Data section below:

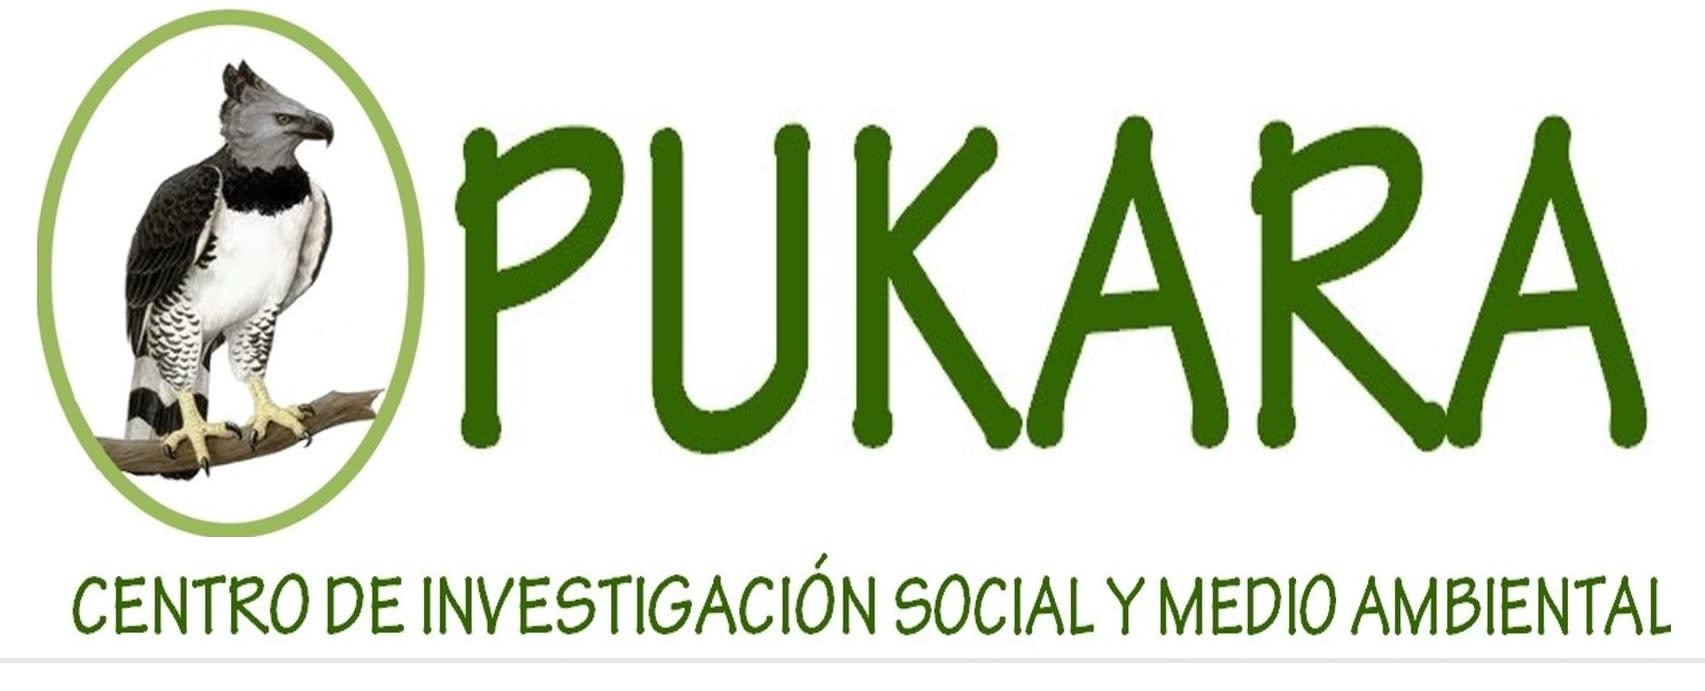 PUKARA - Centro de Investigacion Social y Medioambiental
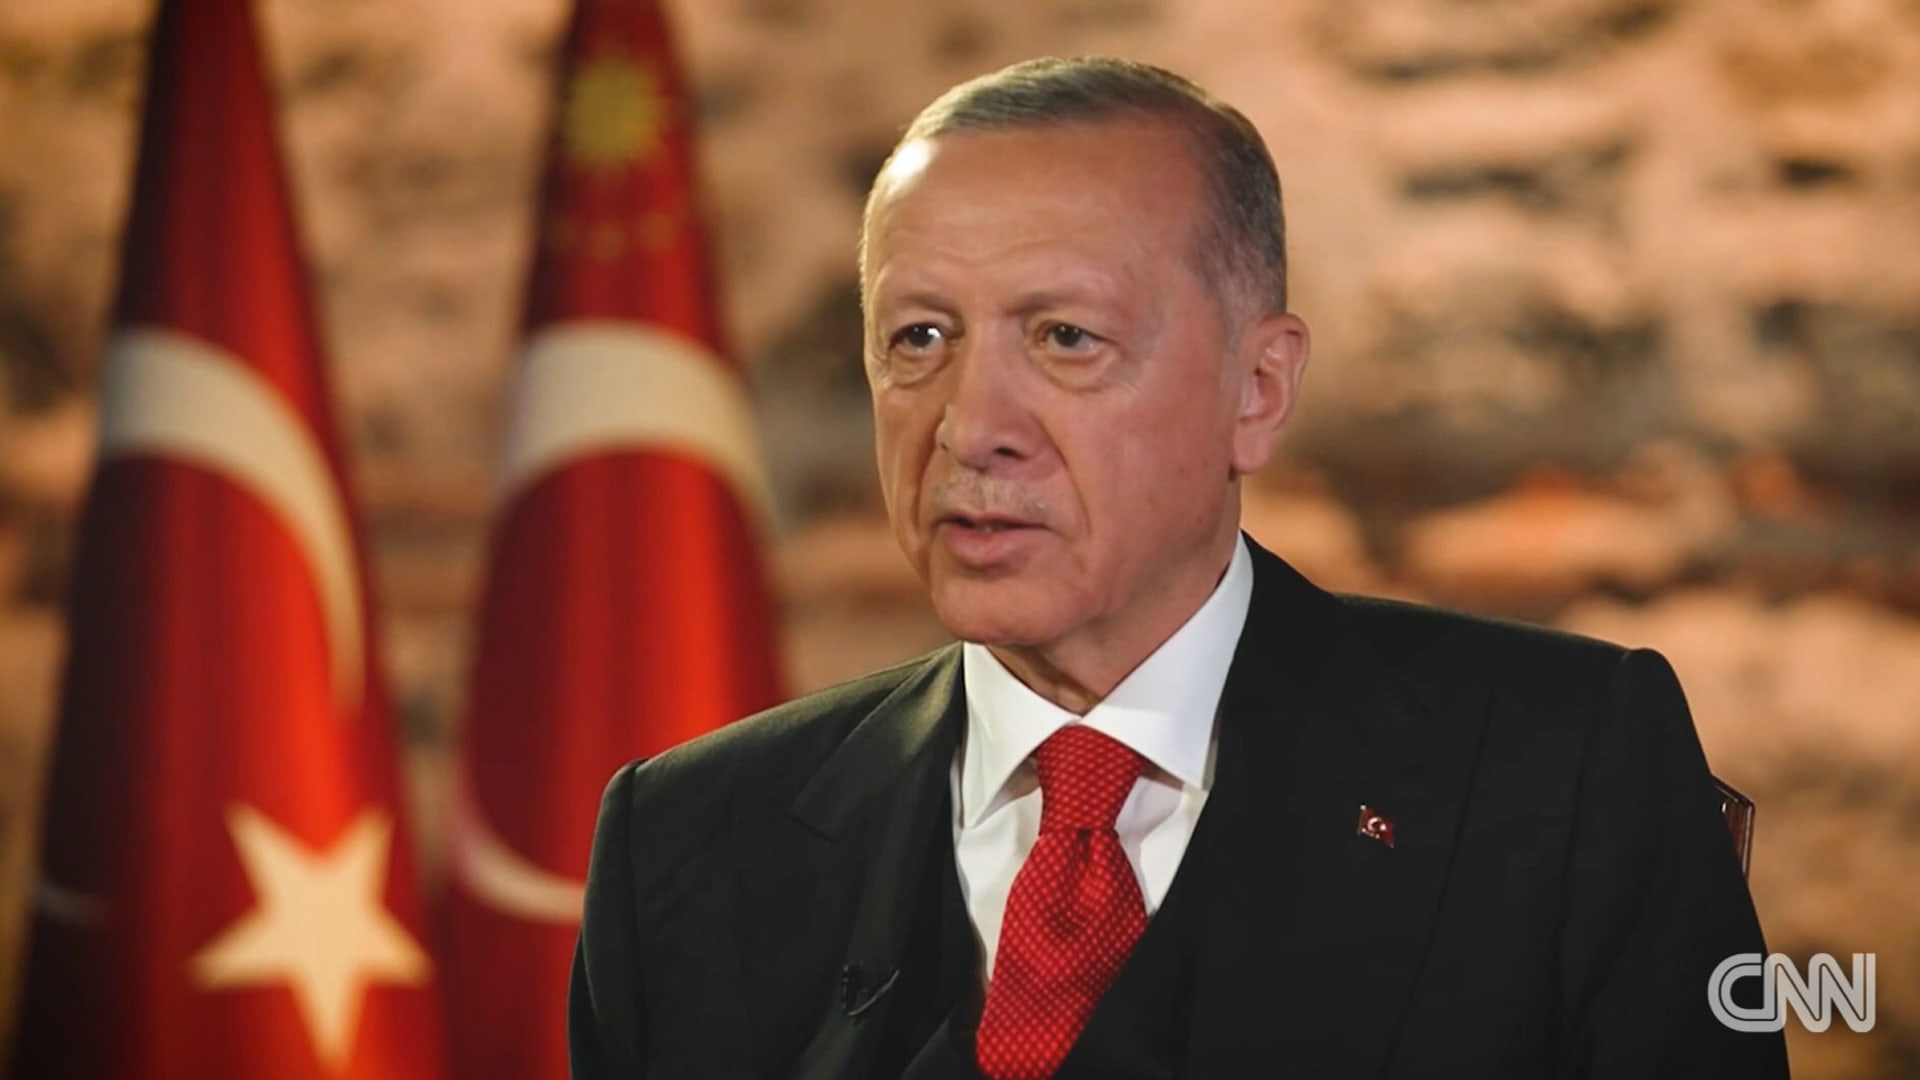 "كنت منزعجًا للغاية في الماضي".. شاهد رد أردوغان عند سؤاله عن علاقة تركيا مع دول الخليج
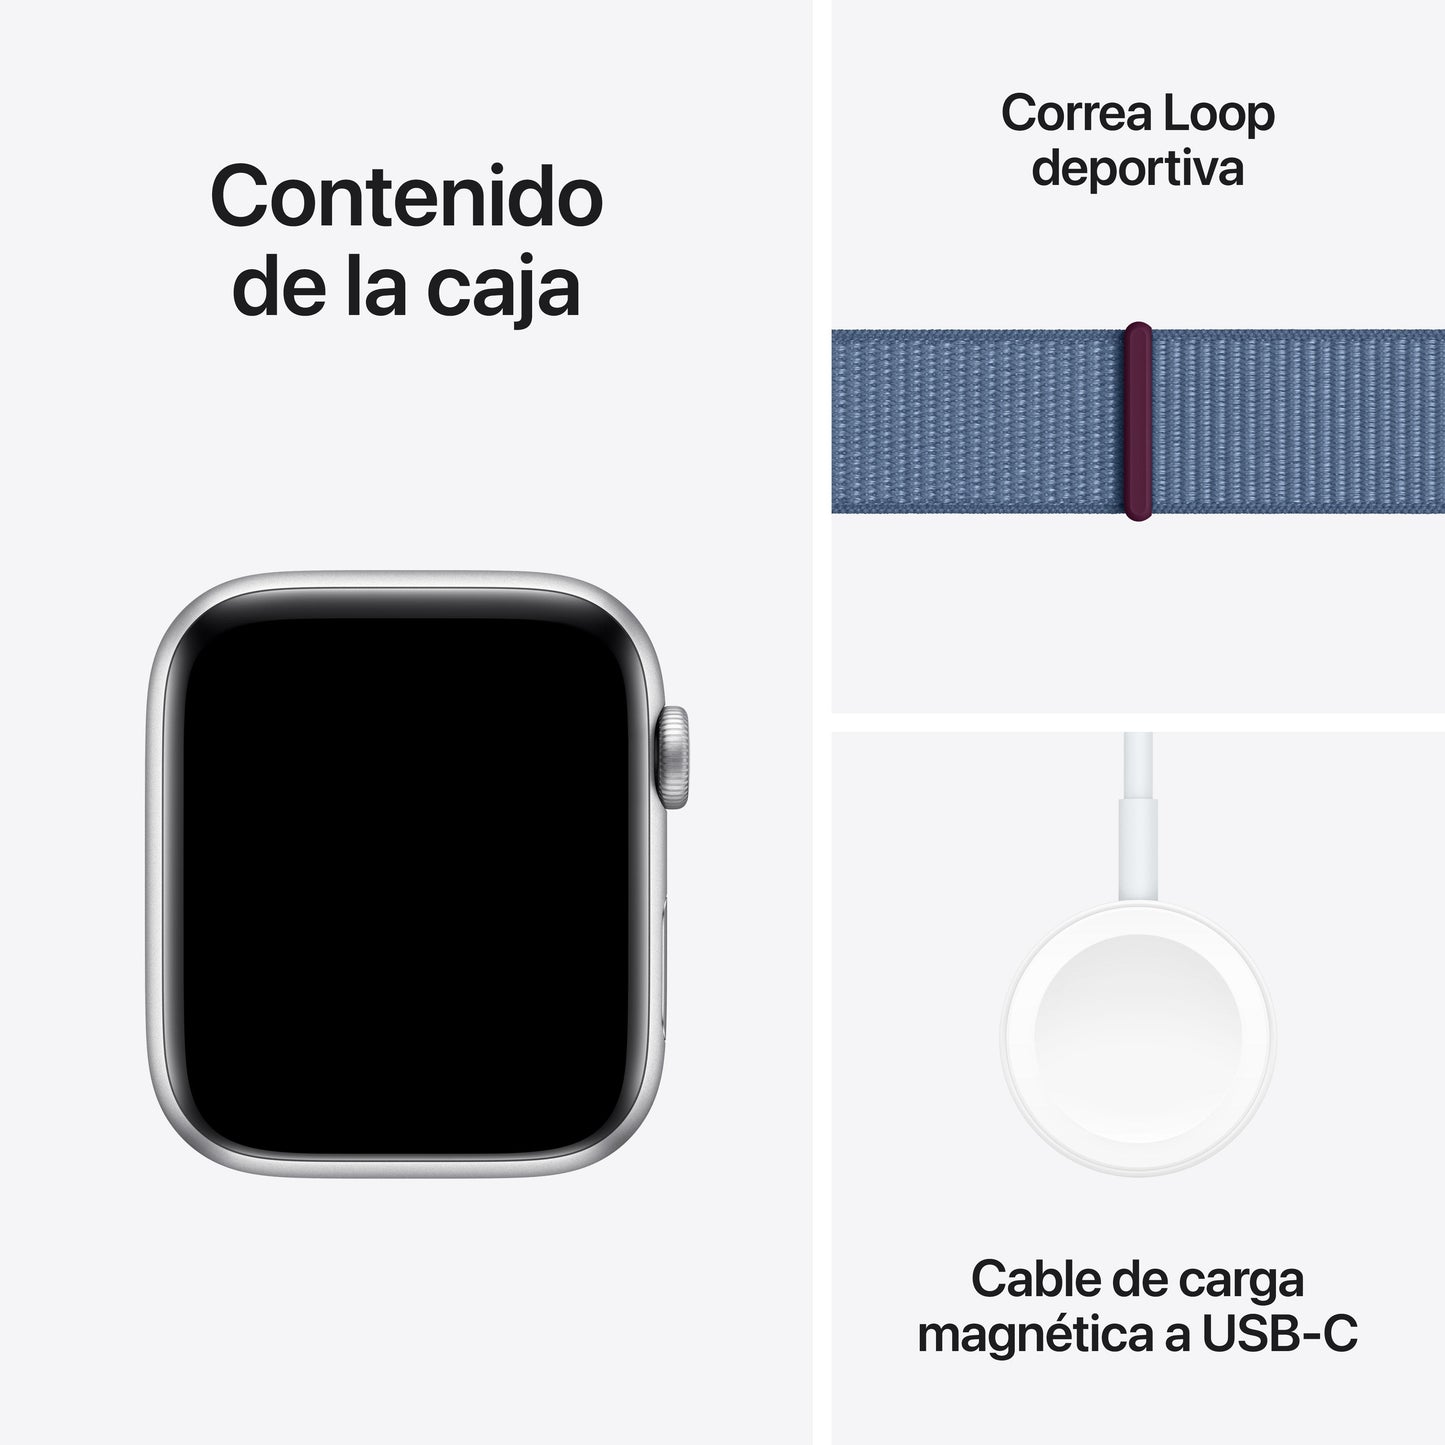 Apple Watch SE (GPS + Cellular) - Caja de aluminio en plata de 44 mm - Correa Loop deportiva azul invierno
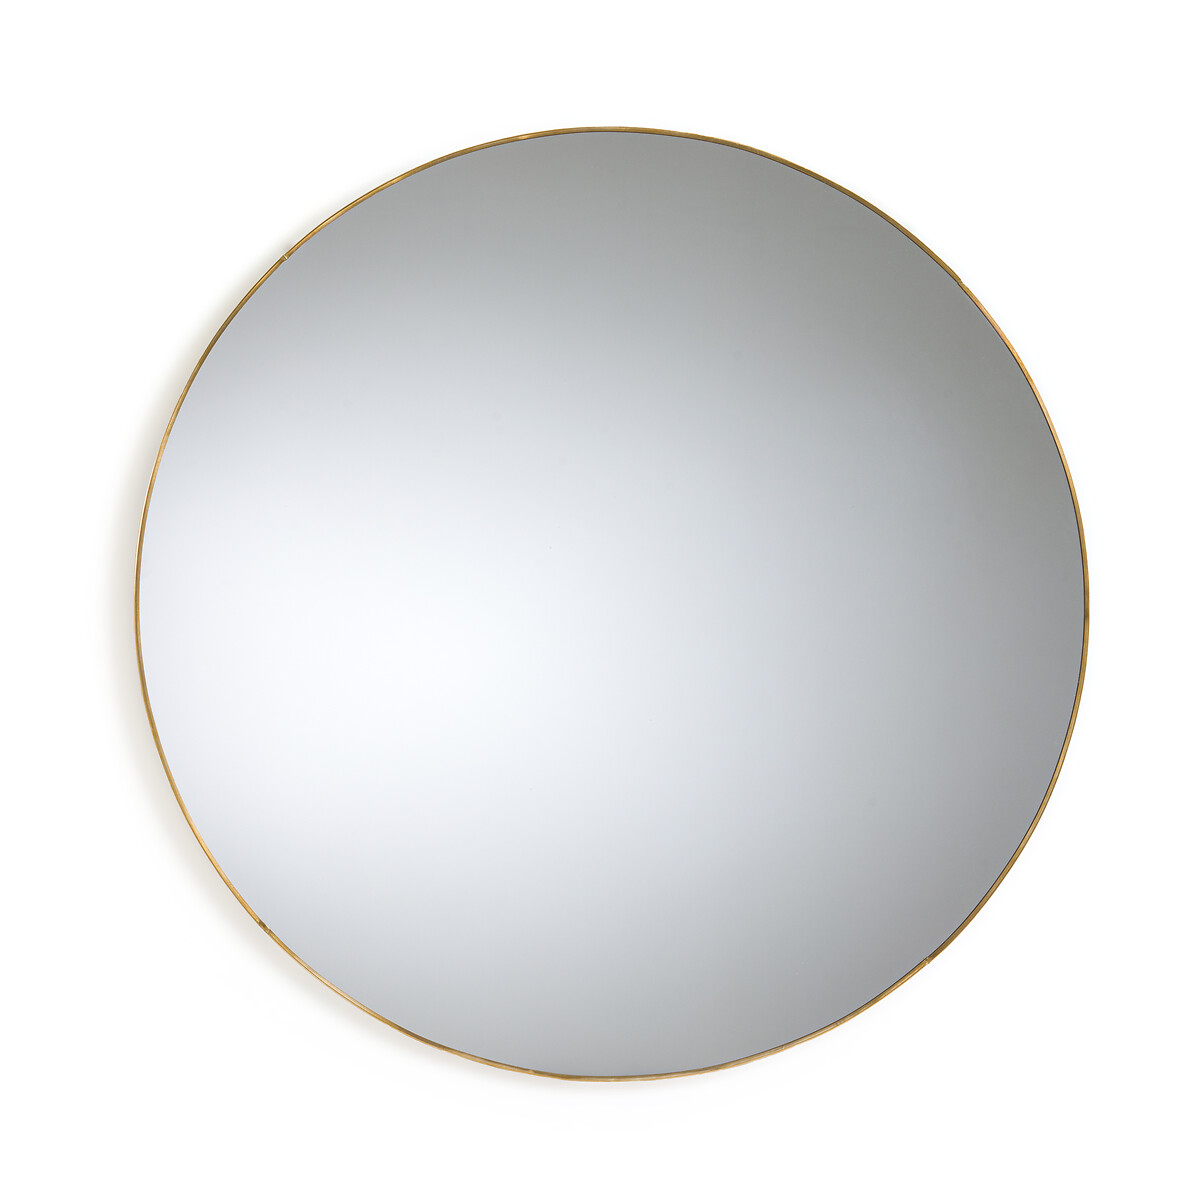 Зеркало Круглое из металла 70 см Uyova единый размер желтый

End of Data section.

Assigned task: Give the lines from the one containing "مع دول الخليج" through the final line of the material again, exactly and in full, but without pictures.

Problem solution:
 "كنت منزعجًا للغاية في الماضي".. شاهد رد أردوغان عند سؤاله عن علاقة تركيا مع دول الخليج
 Apple Watch SE (GPS + Cellular) - Caja de aluminio en plata de 44 mm - Correa Loop deportiva azul invierno
 Зеркало Круглое из металла 70 см Uyova единый размер желтый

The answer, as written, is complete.